Context Engineering#
Context engineering is the discipline of designing what goes in the context window — the system prompt, background documents, instructions, tools, and conversation history — to make an LLM behave consistently and correctly across all inputs.
?> Prompt Engineering vs Context Engineering ?> - Prompt Engineering: How to phrase one query to get a good answer ?> - Context Engineering: How to architect the entire context so the model behaves reliably on every query
The Context Window Budget#
Every LLM has a finite context window (measured in tokens). You decide how to spend it:
┌─────────────────────────────────────────────────────────────┐
│ Context Window (e.g. 200,000 tokens for Claude) │
│ │
│ System Prompt ████████████ ~2,000 tokens │
│ Tools/Schema ████████ ~1,500 tokens │
│ Retrieved Docs (RAG) ████████████████████ ~50,000 │
│ Conversation History ████████████ ~20,000 tokens │
│ Current User Message ██ ~500 tokens │
│ ───────────────────────────────────────────────────────── │
│ Reserve for Output ████ ~4,096 tokens │
└─────────────────────────────────────────────────────────────┘Context engineering is about budgeting well — putting the right information in the right position.
System Prompt Design#
The system prompt is the most important thing you control. It runs on every request.
Anatomy of a Great System Prompt#
import anthropic
SYSTEM_PROMPT = """# Role
You are TDS Assistant, an expert teaching assistant for the IIT Madras "Tools in Data Science" course.

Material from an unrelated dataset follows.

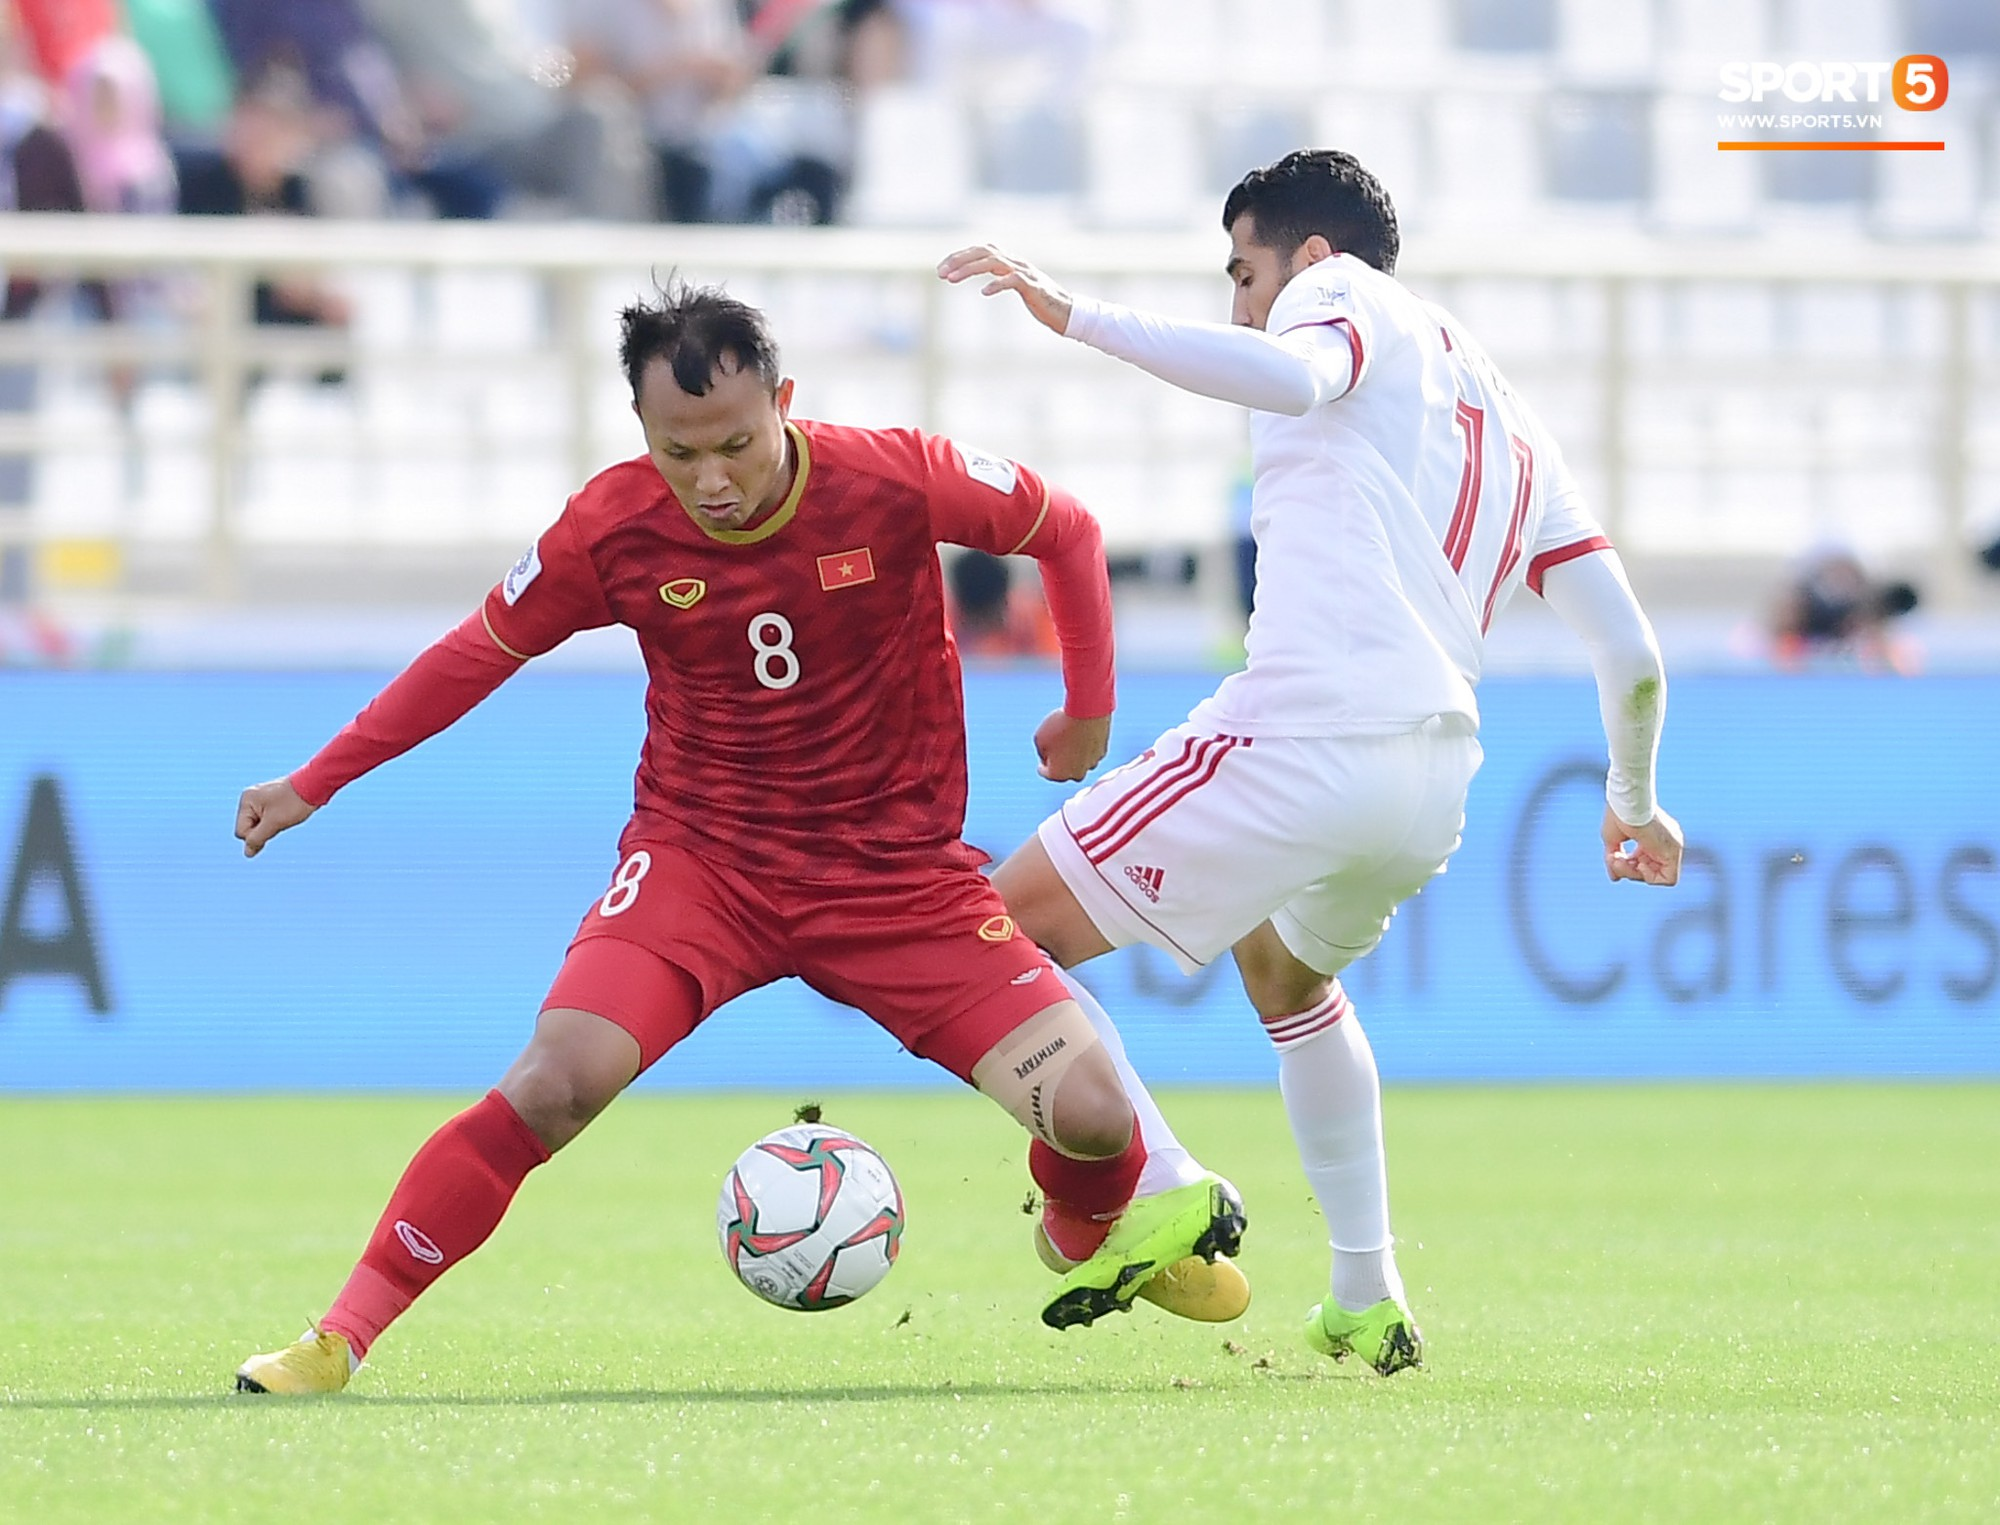 vietnamiranasiancup2019121115552099952352031871628cbe9c13fcfcp.jpg

# Primary Responsibilities
- Answer student questions about course topics: Python, FastAPI, Docker, LLMs, RAG, agents
- Provide working code examples when asked
- Point students to relevant week/lab content when appropriate
# Tone and Style
- Be precise and technical — students are intermediate-to-advanced programmers
- Use concrete examples over abstract explanations
- If you don't know something specific to the course, say so clearly
# Constraints
- Only answer questions relevant to the course topics listed above
- Do not write complete assignments for students — guide them to the answer
- Always test code mentally before sharing it
# Output Format
- For code: use fenced code blocks with the language specified
- For explanations: use headers to organize long answers
- For step-by-step guides: use numbered lists
"""
client = anthropic.Anthropic()
def ask(question: str, history: list = None) -> str:
messages = history or []
messages.append({"role": "user", "content": question})

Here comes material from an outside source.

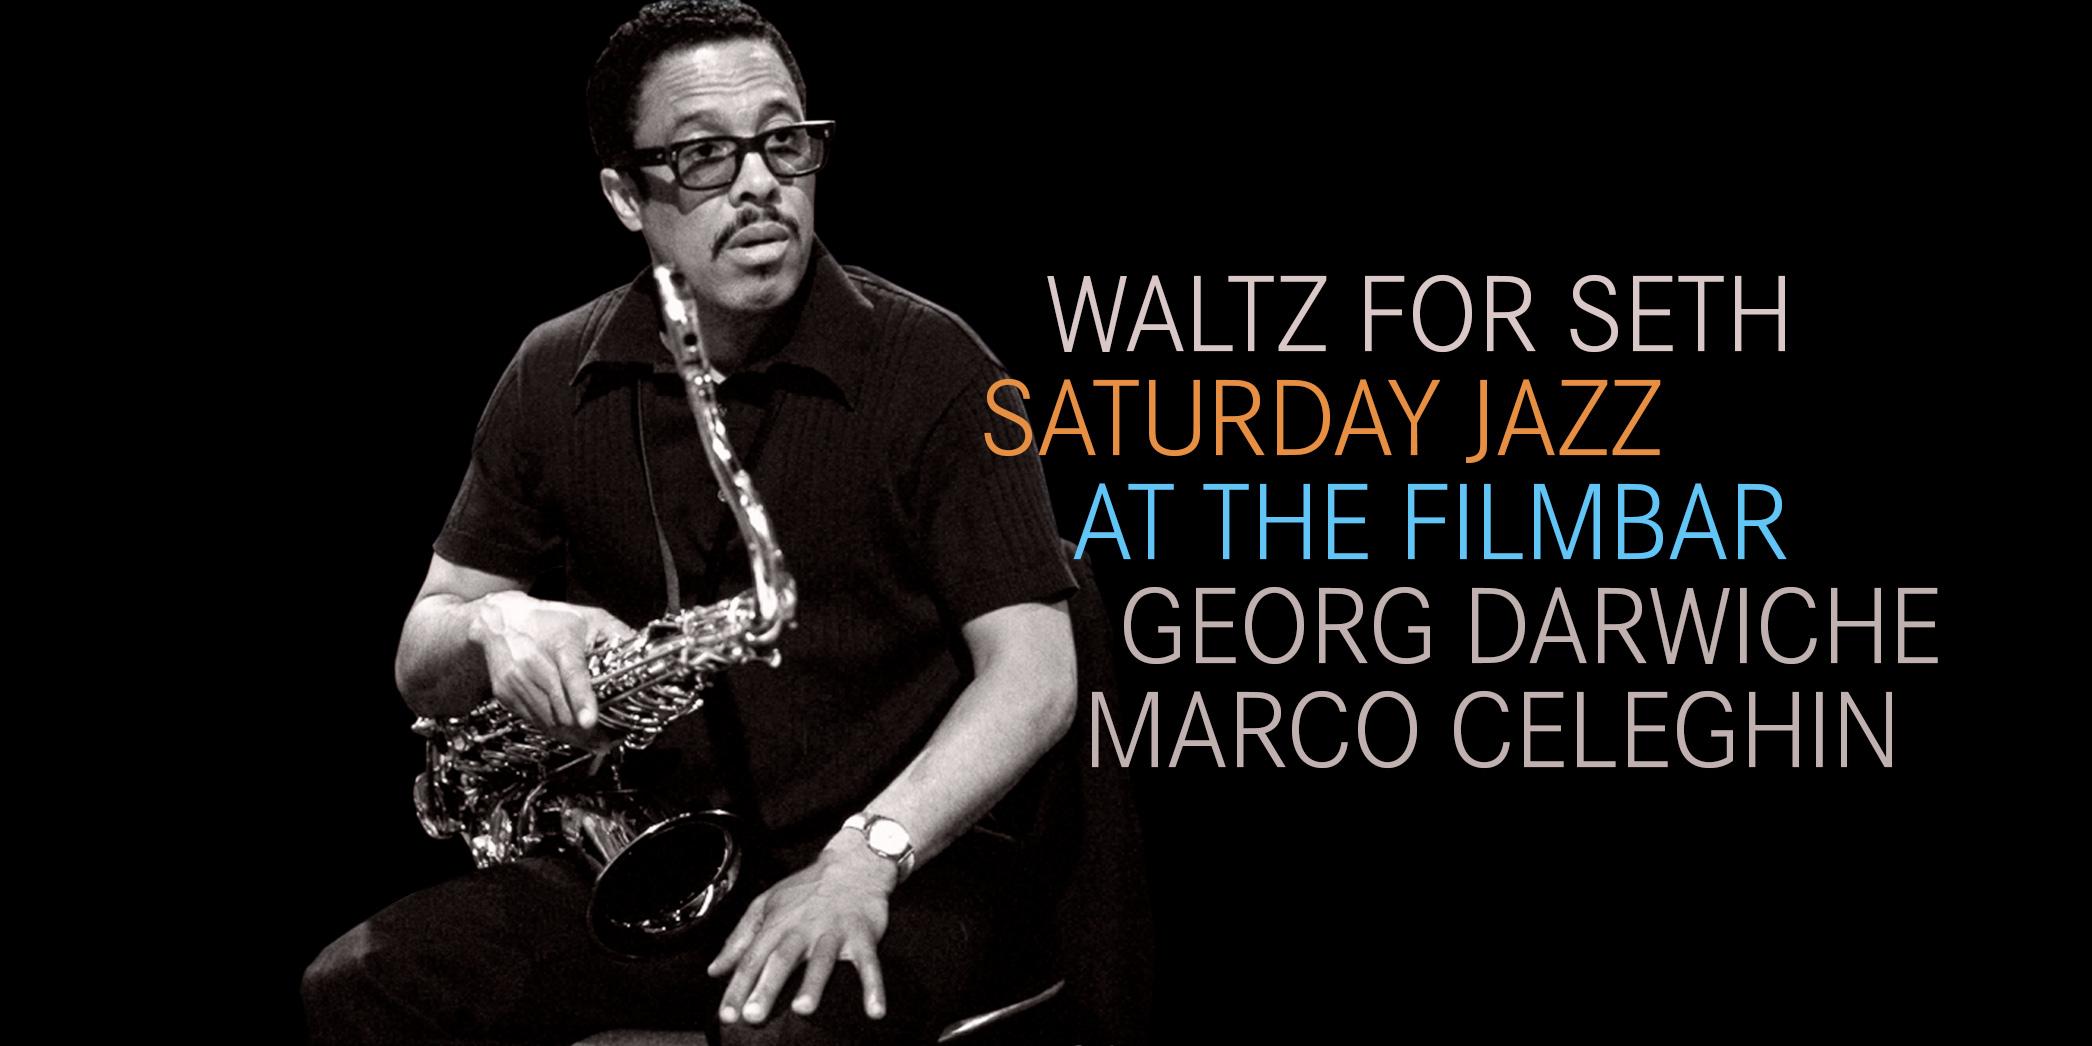 Saturday-Jazz-at-The-Filmbar_darwiche+celeghin_fb_20170902_

response = client.messages.create(
model="claude-sonnet-4-6",
max_tokens=2048,
system=SYSTEM_PROMPT,
messages=messages,
)
return response.content[0].textSystem Prompt Anti-Patterns#
❌ Too vague:
"Be helpful and answer questions."
❌ Contradictory:
"Be concise. Always provide thorough, detailed explanations."
❌ No format guidance:
(model returns inconsistent formats for the same query type)
❌ Missing constraints:
(model happily writes student assignments for them)

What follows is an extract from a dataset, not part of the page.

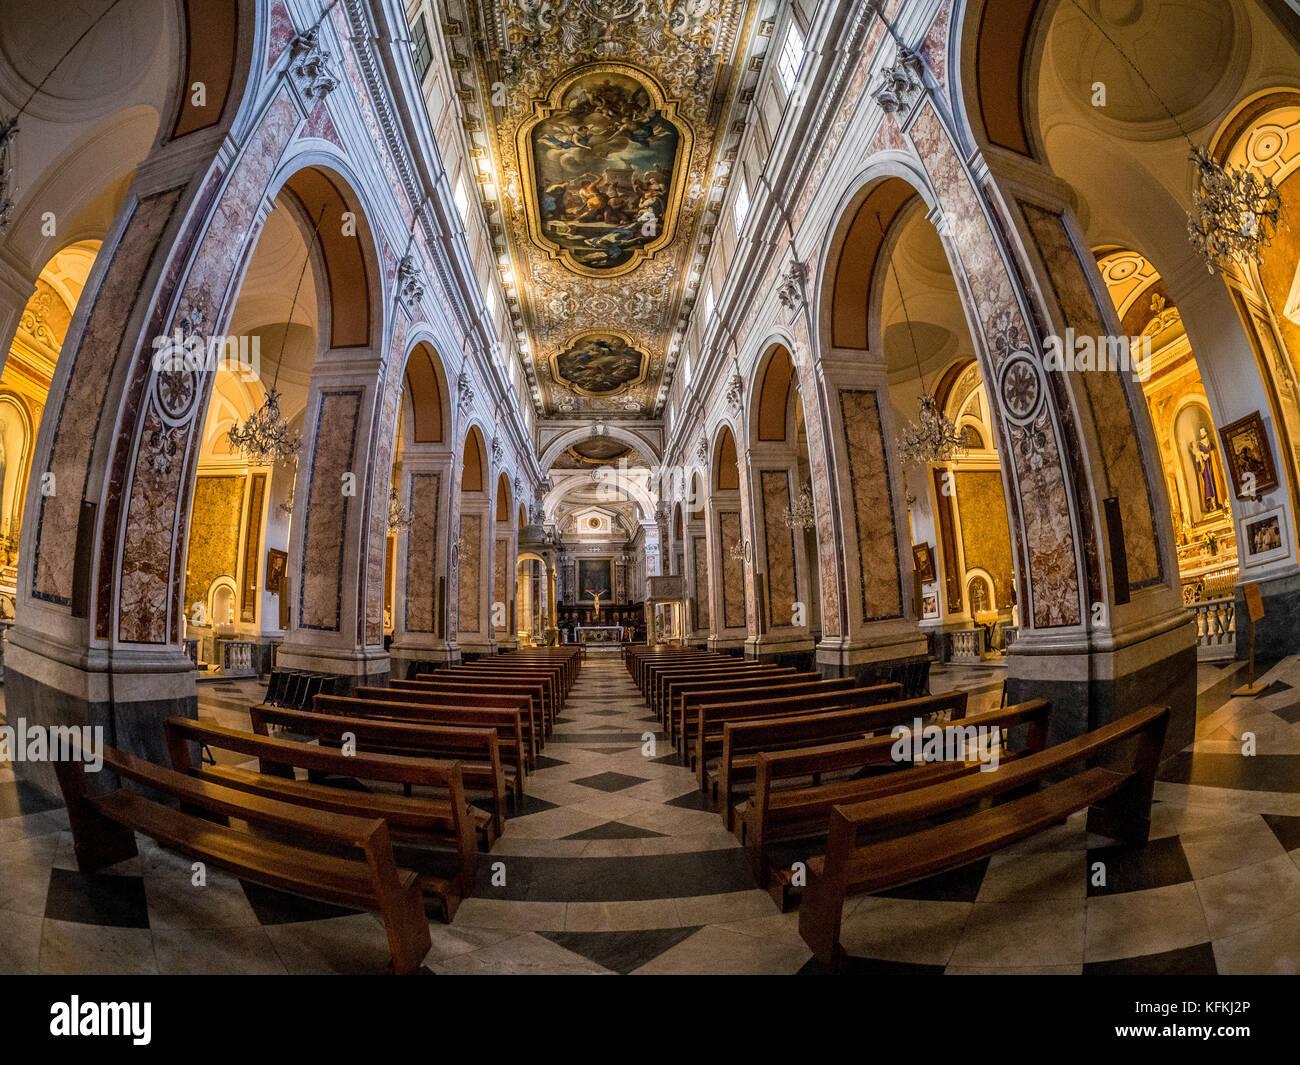 Fisheye shot of the aisle inside Sorrento Cathedral, Italy - Stock Image

✅ Good system prompt structure:
- Role / Who you are
- Responsibilities / What you do
- Tone / How you communicate
- Constraints / What you won't do
- Output Format / How to structure responsesAGENTS.md#
AGENTS.md is a convention for documenting how AI coding agents should interact with a codebase. Tools like Claude Code, Cursor, and GitHub Copilot read this file to understand project-specific context.
# TDS Course API — Agent Context
## Project Overview
FastAPI service for the TDS course platform. Handles student auth, lab submissions, and grade tracking.
## Tech Stack
- **Runtime**: Python 3.12, UV package manager
- **Framework**: FastAPI 0.115+
- **Database**: PostgreSQL 16 via asyncpg
- **Cache**: Redis 7
- **Tests**: pytest + httpx AsyncClient
## Directory Structure
```
src/
├── api/ # FastAPI routes (one file per resource)
├── models/ # Pydantic request/response models
├── db/ # Database layer (asyncpg, no ORM)
├── services/ # Business logic
└── tests/ # mirrors src/ structure
```
## Coding Conventions
- All DB functions are async; use `await` everywhere
- Use `structlog` for logging, not `print` or stdlib logging
- Pydantic models live in `models/`, not inline in routes
- Every route MUST have a corresponding test in `tests/`
- Error handling: raise `HTTPException`, never return error dicts
## Common Commands
```bash
uv run pytest # run all tests
uv run uvicorn src.main:app --reload # dev server
uv run alembic upgrade head # run migrations
```
## DO NOT
- Use synchronous database calls (no sqlite3 directly)
- Commit secrets or API keys
- Use `import *` anywhere
- Write tests that hit real external APIs (mock them)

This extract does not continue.